Trebilcock's background is working as a process engineer in the Canadian mining sector. He also has experienced generating shareholder value at base-metal miner Nevsun Resources, which was taken out for US$1.8B by Zijin Mining Group Company Limited on Dec 29, 2018. Trebilcock has been through the process of exploration, development and sale before. Reassuring.
The initial thought process behind Kore Mining was coined by Executive Chairman, Jim Hynes. The plan was to find a sector where assets were cheap, acquire and build up a portfolio of assets, develop and de-risk the assets to add value, then sell them to a mid-tier miner. Production isn't on the cards. This is a clear business model and we appreciate the transparency and logical approach.
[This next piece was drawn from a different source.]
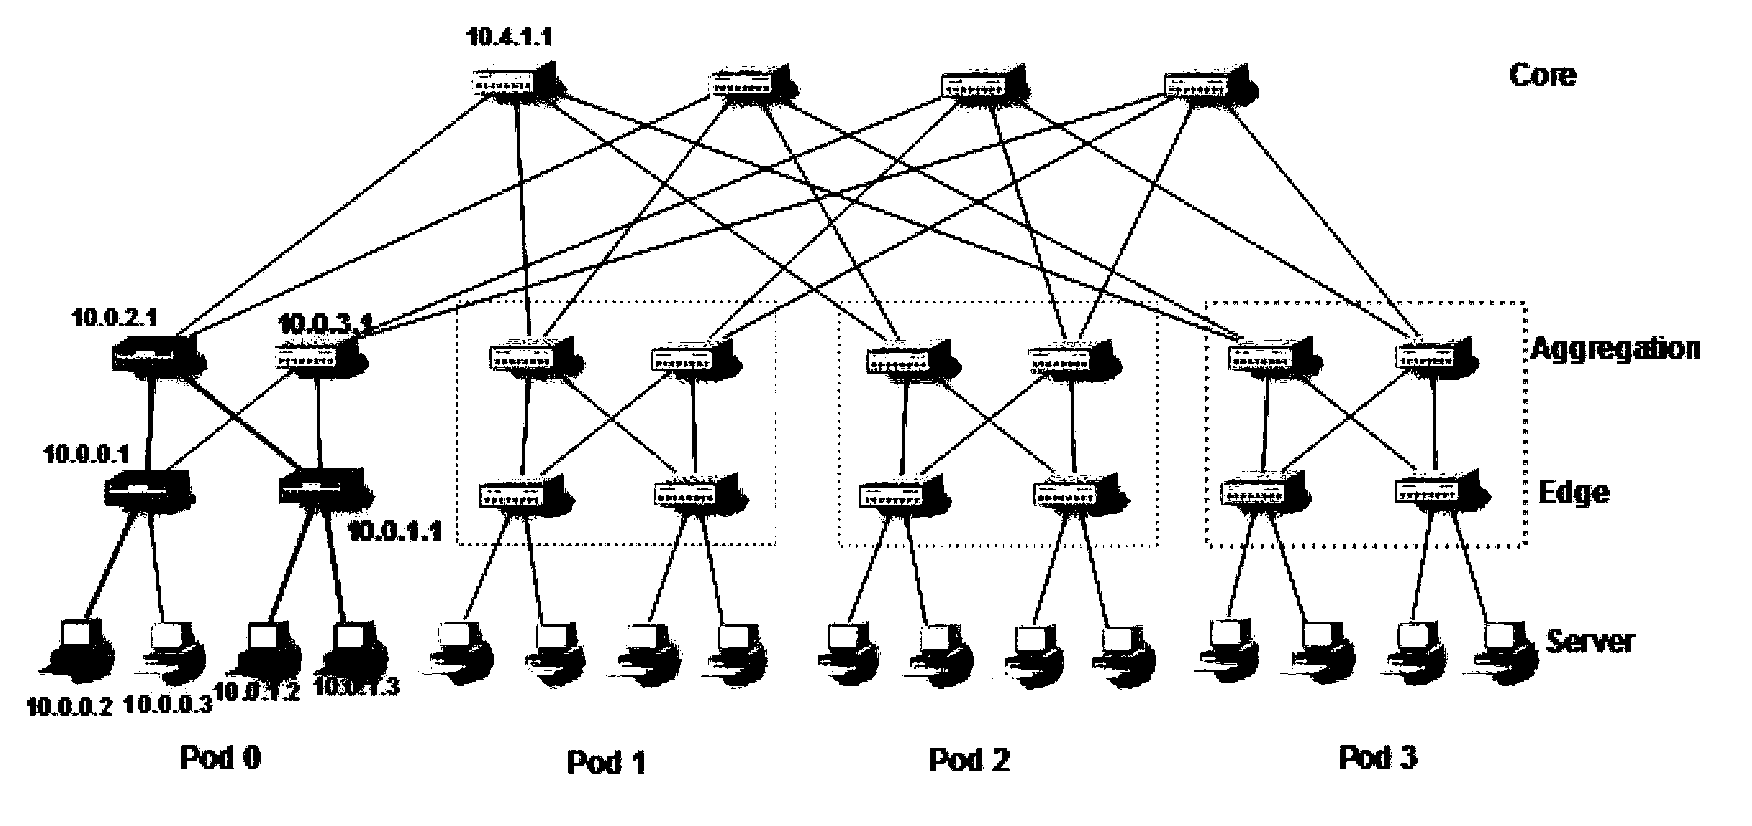 胖树结构组网数据中心内部节点IP地址的自动分配方法

The Imperial Project was acquired from Goldcorp for a surprisingly low price of US$150,000 for 2.2Moz (in an up gold market!). However, there are also a series of mandatory payments to Newmont Mining (the new owner of Goldcorp): US$1M of KORE Mining shares and US$1M cash when the mine goes into production. KORE Mining has put US$2.5M into the ground at the Imperial Project. The project has been previously carried through to a feasibility study in the 90s, so Trebilcock is confident KORE Mining can accomplish this affordably and in a reasonable timescale. While it is difficult to do much off the back of a PEA, what were the key findings? CAPEX: US$142M, 28km exploration space, a simple run-of-mine heap leach process (low-cost), 146,000oz gold per year, 1.2Moz LOM production, 44% IRR at a very pragmatic US$1450/oz gold price, and a US$343M NPV 5% after-tax at the same gold price.
Will any federal regulations be a barrier to KORE Mining? Trebilcock sees the issues as nothing more than social licensing issues that mining companies will always have to face.
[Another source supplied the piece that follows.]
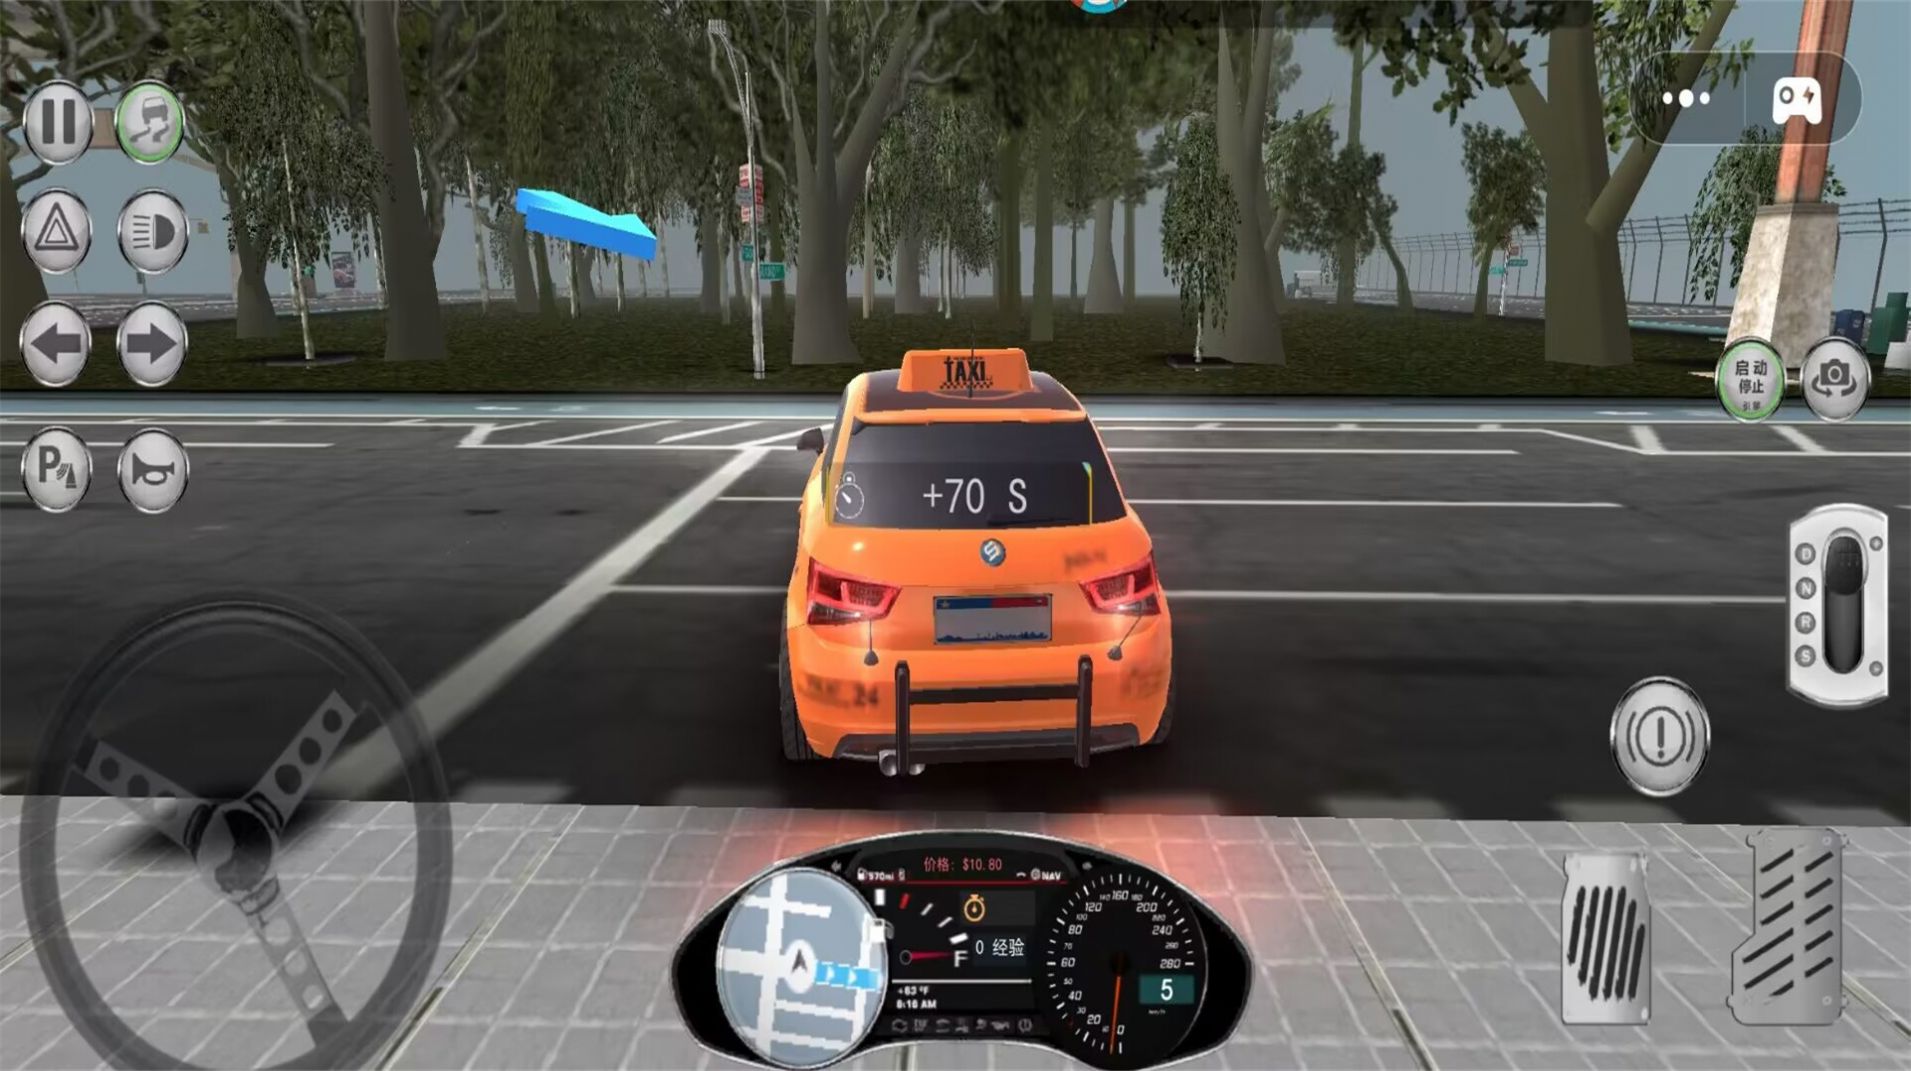 出租车司机模拟最新版官方下载 v1.0截图1

Looking at the numbers, KORE Mining had US$2.6M towards the end of February, with a planned raise in 2020 provided COVID-19 becomes less disruptive. Trebilcock believes the market will wake up to the opportunity the company offers; thus, KORE's 2020 budget is higher than its current cash. Could Equinox Gold see the Imperial Project as a potential target? Trebilcock is coy on the issue, but it might make logical sense considering its proximity to Mesquite.
Is the c. 50% ownership, combined with Sprott's 12% and Macquarie's 5% a liquidity problem? Trebilcock is clear that this is one of the main problems KORE Mining faces. Retail investors have very little to play with and expect imminent dilution.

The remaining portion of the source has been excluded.